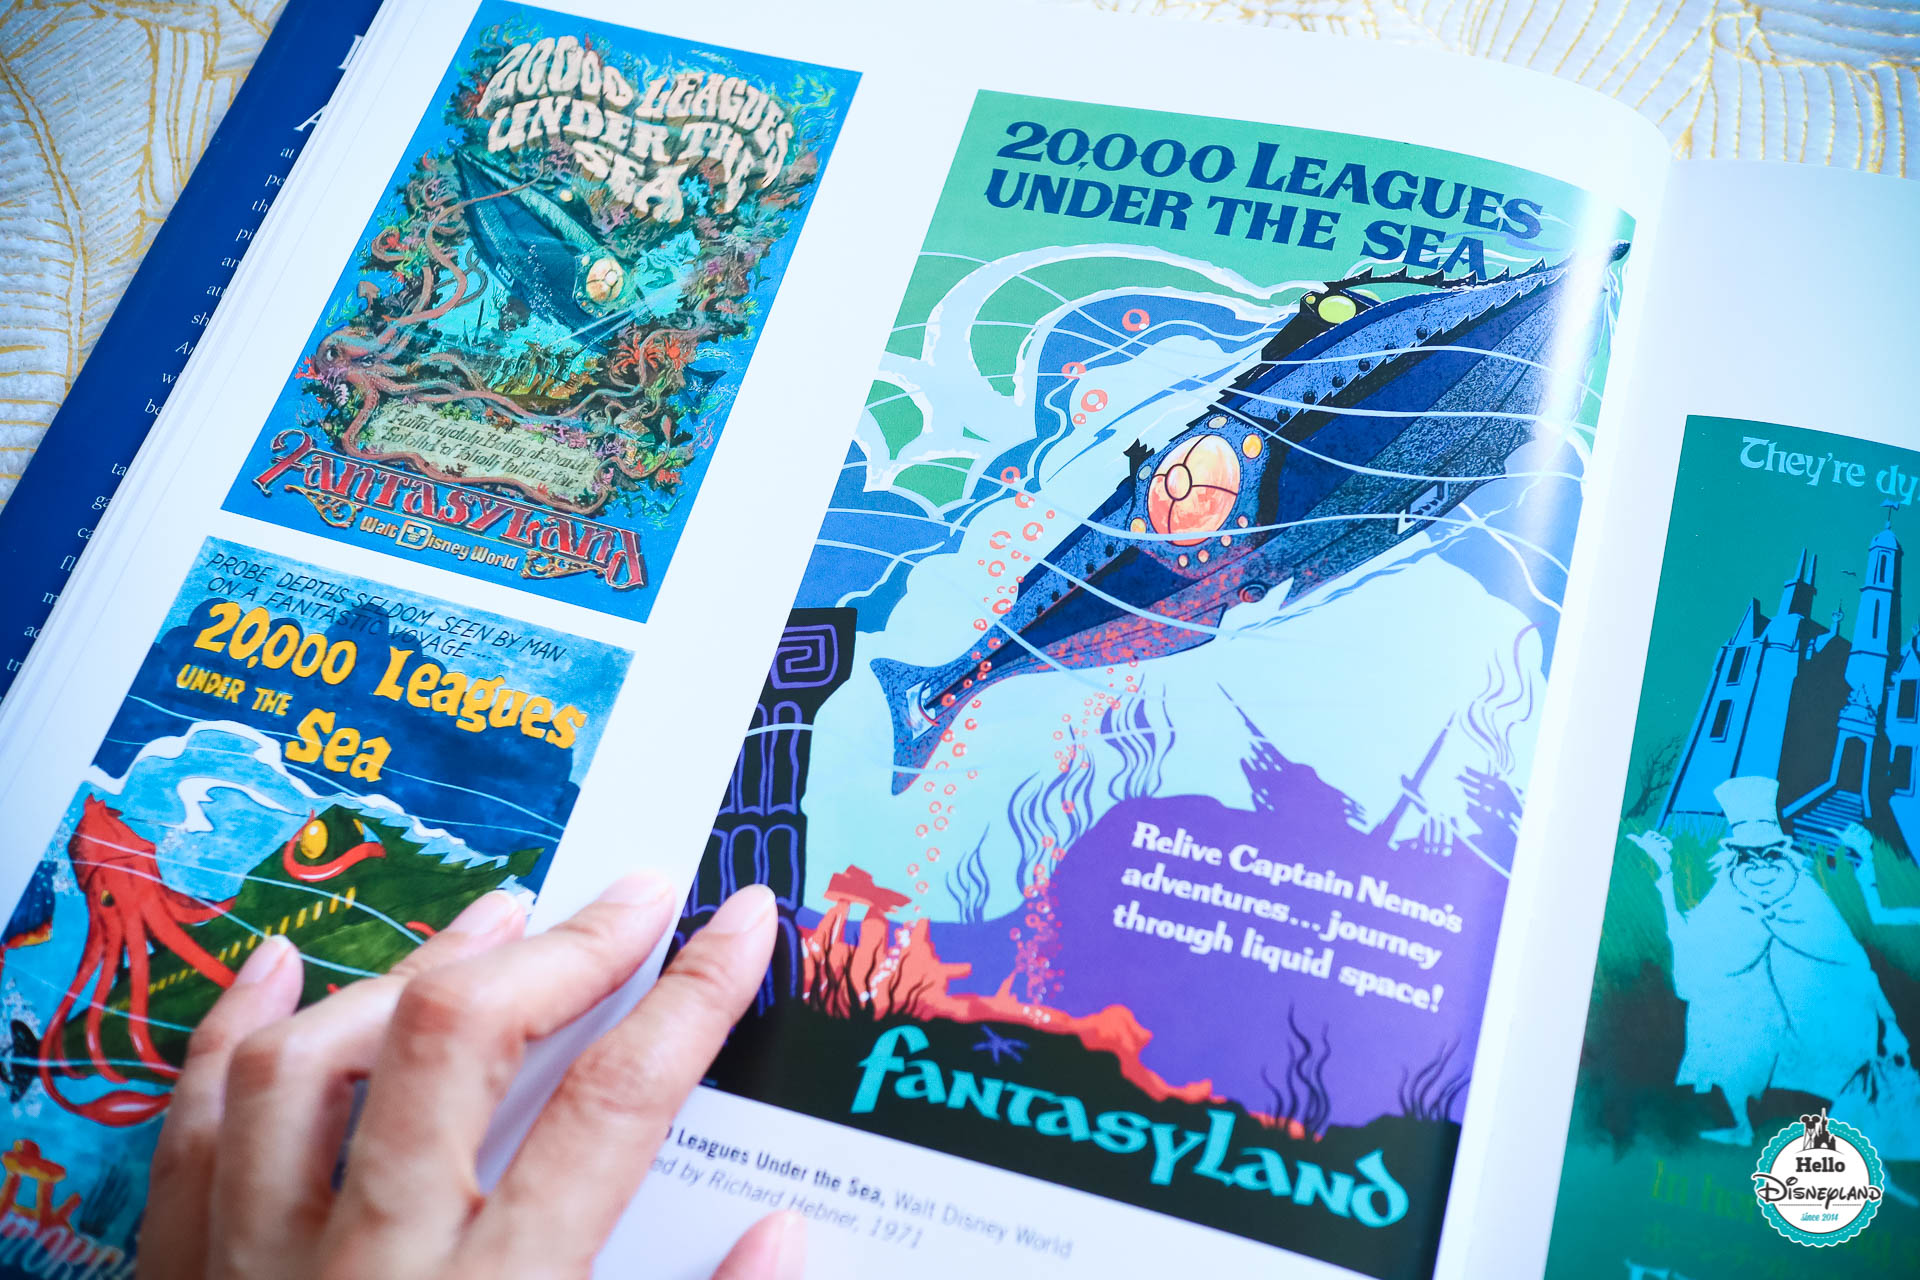 livre sur les posters d'attractions Disney ? Poster Art of the Disney Park
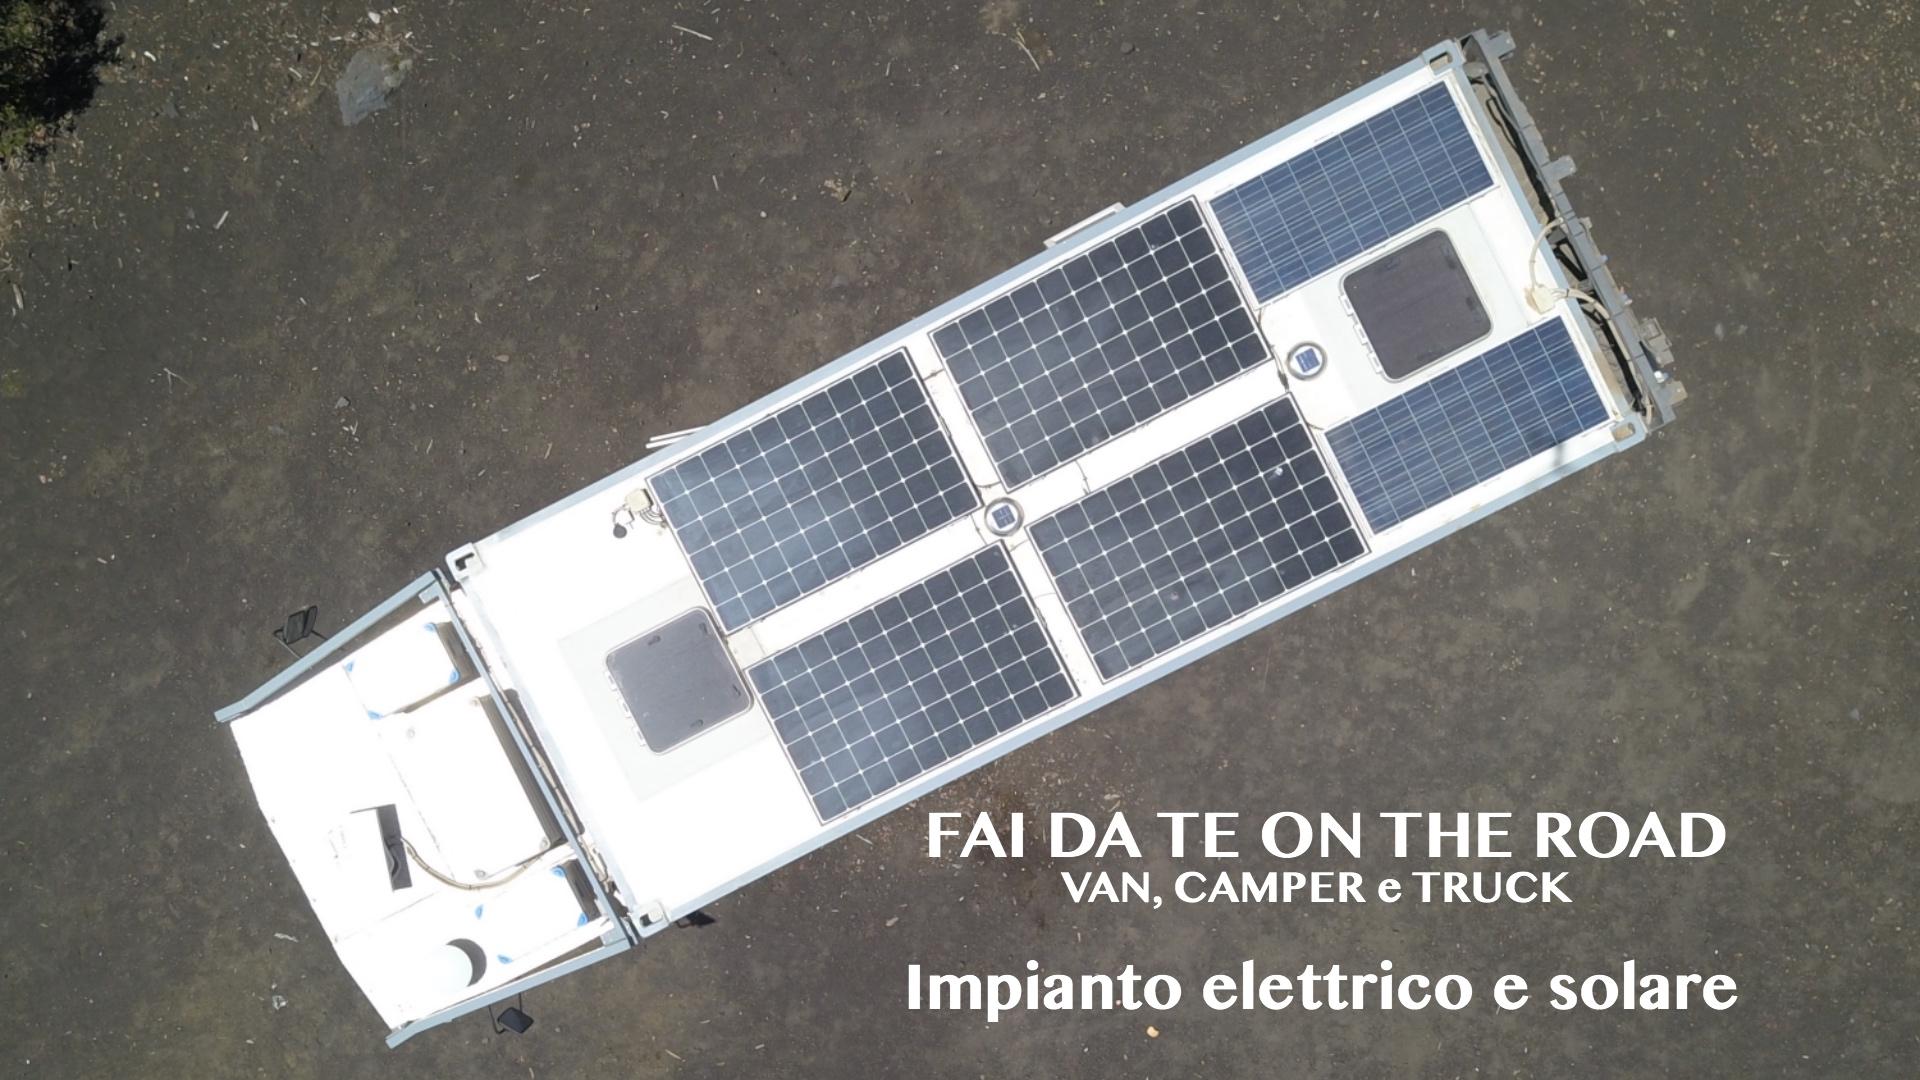 Schema Elettrico Camper : Idee di fotocellule came delta schema image gallery con con
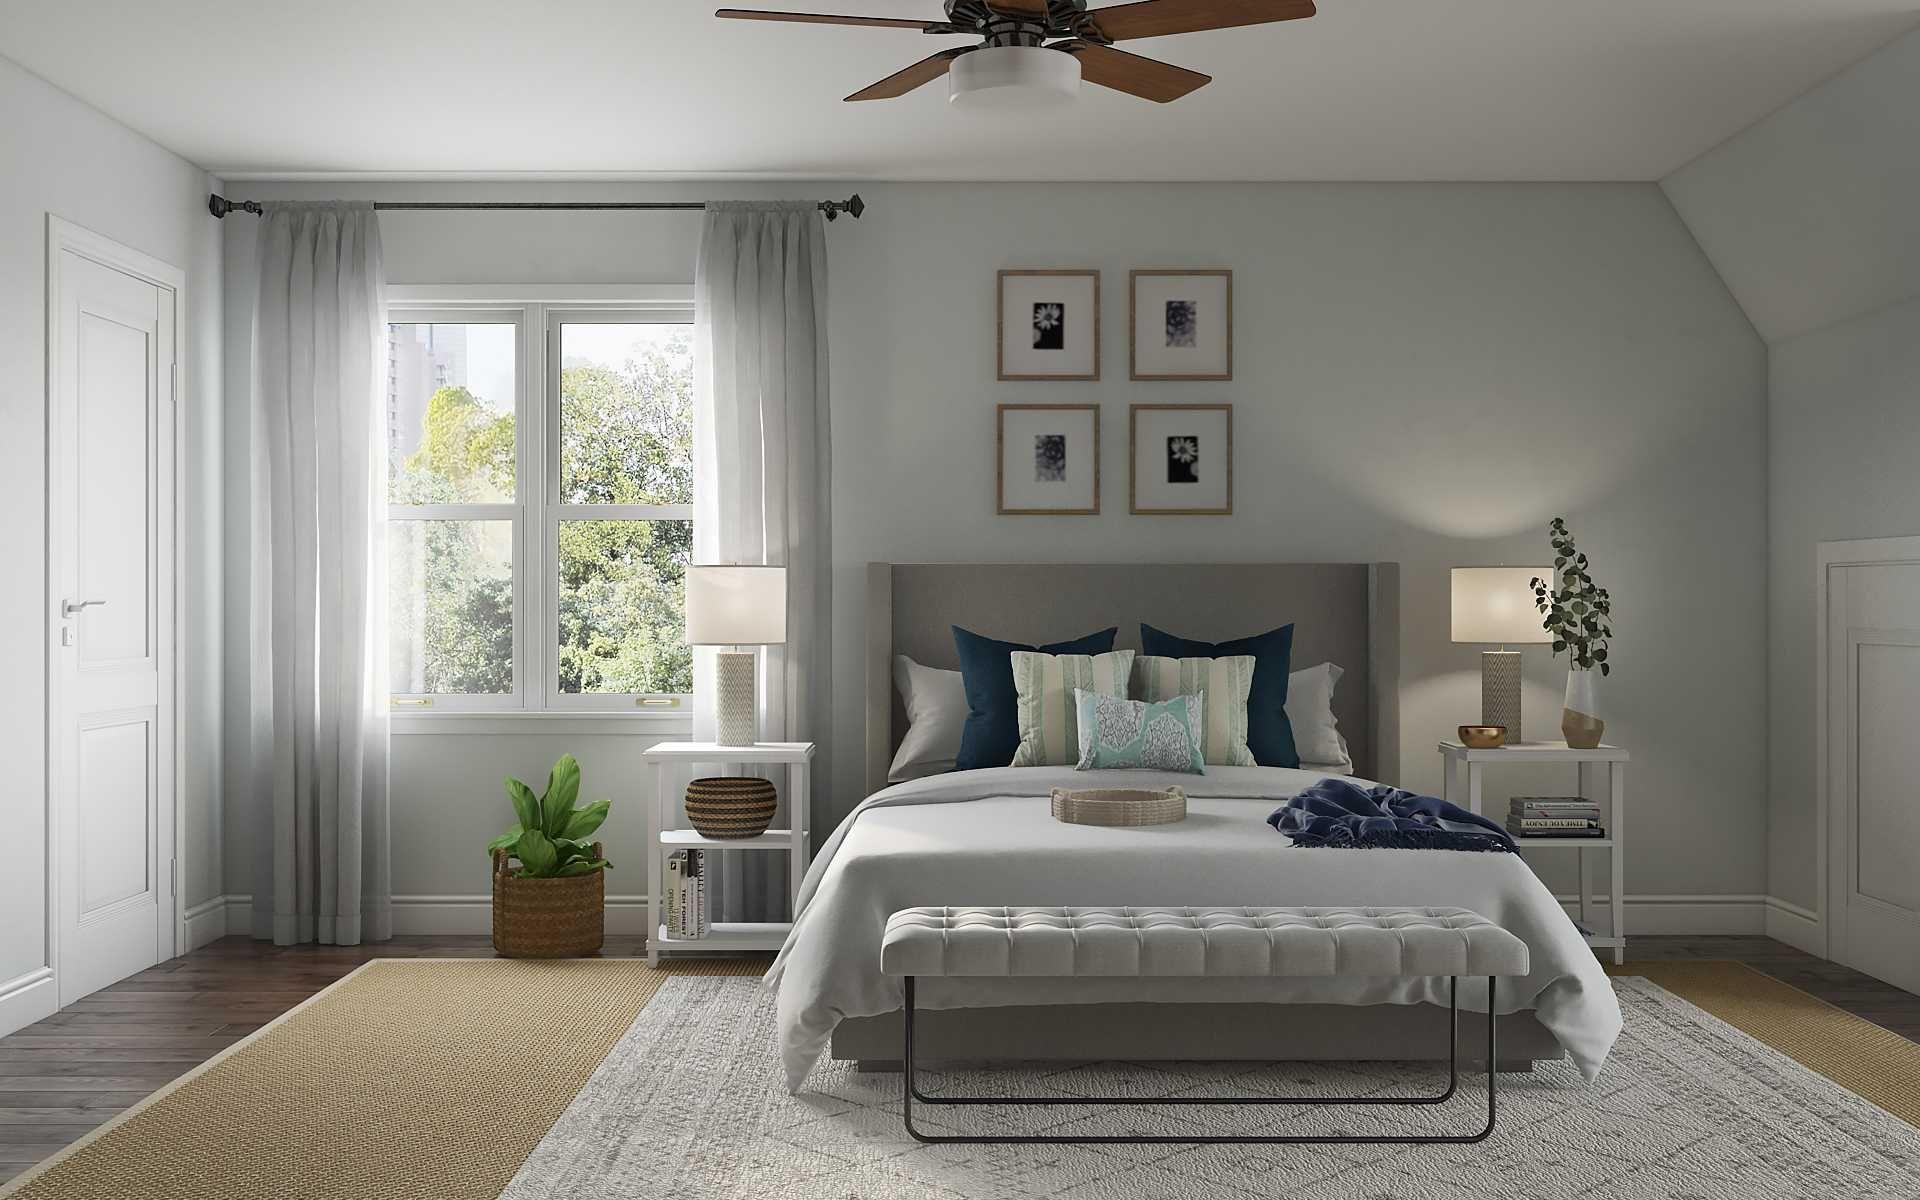 40 Best Bedroom Interior Design Ideas Havenly Modern Room Design Interior Design Bedroom Interior Design
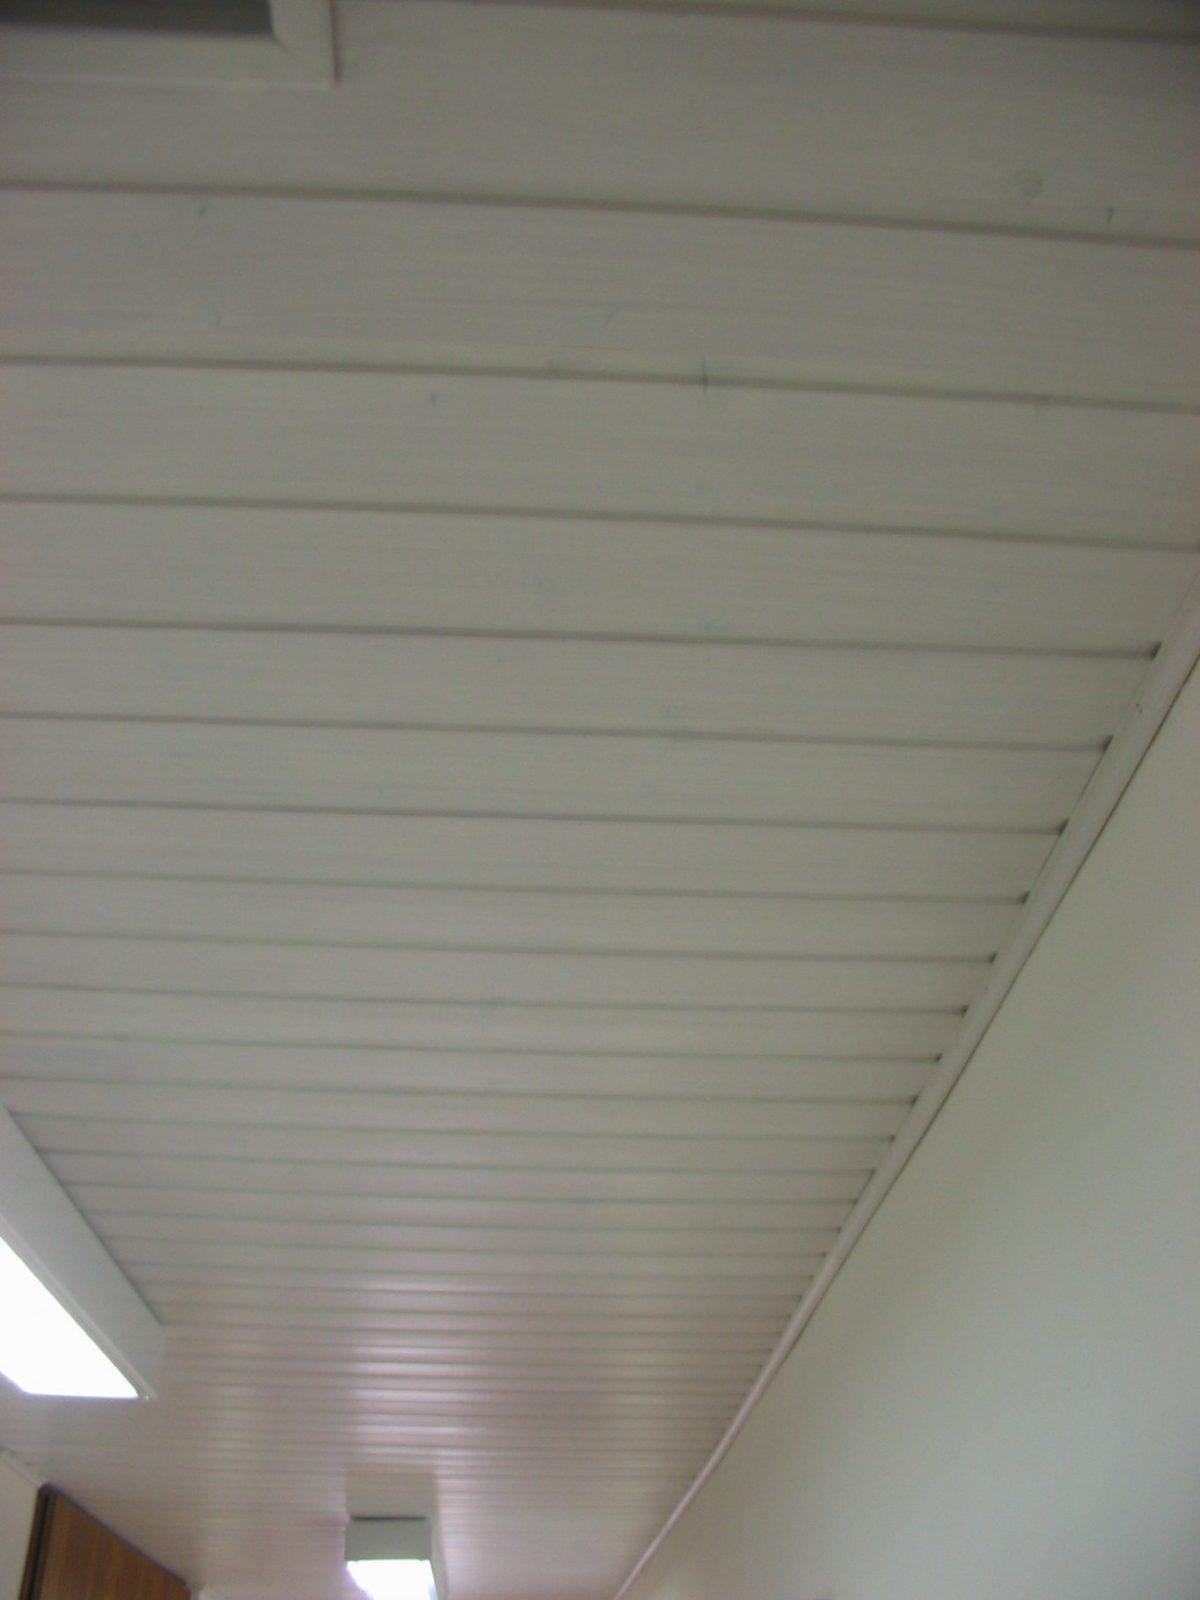 Lackierte Holzdecke Weiß Streichen – Ohne Abschleifen Möglich von Holzdecke Mit Wandfarbe Streichen Photo
* * *
EXERCISE AIM
Please write out the whole listing exactly, but not the pictures in it.

EXERCISE RESULT
 livre sur les posters d'attractions Disney ? Poster Art of the Disney Park
 Schema Elettrico Camper : Idee di fotocellule came delta schema image gallery con con
 40 Best Bedroom Interior Design Ideas Havenly Modern Room Design Interior Design Bedroom Interior Design
 Lackierte Holzdecke Weiß Streichen – Ohne Abschleifen Möglich von Holzdecke Mit Wandfarbe Streichen Photo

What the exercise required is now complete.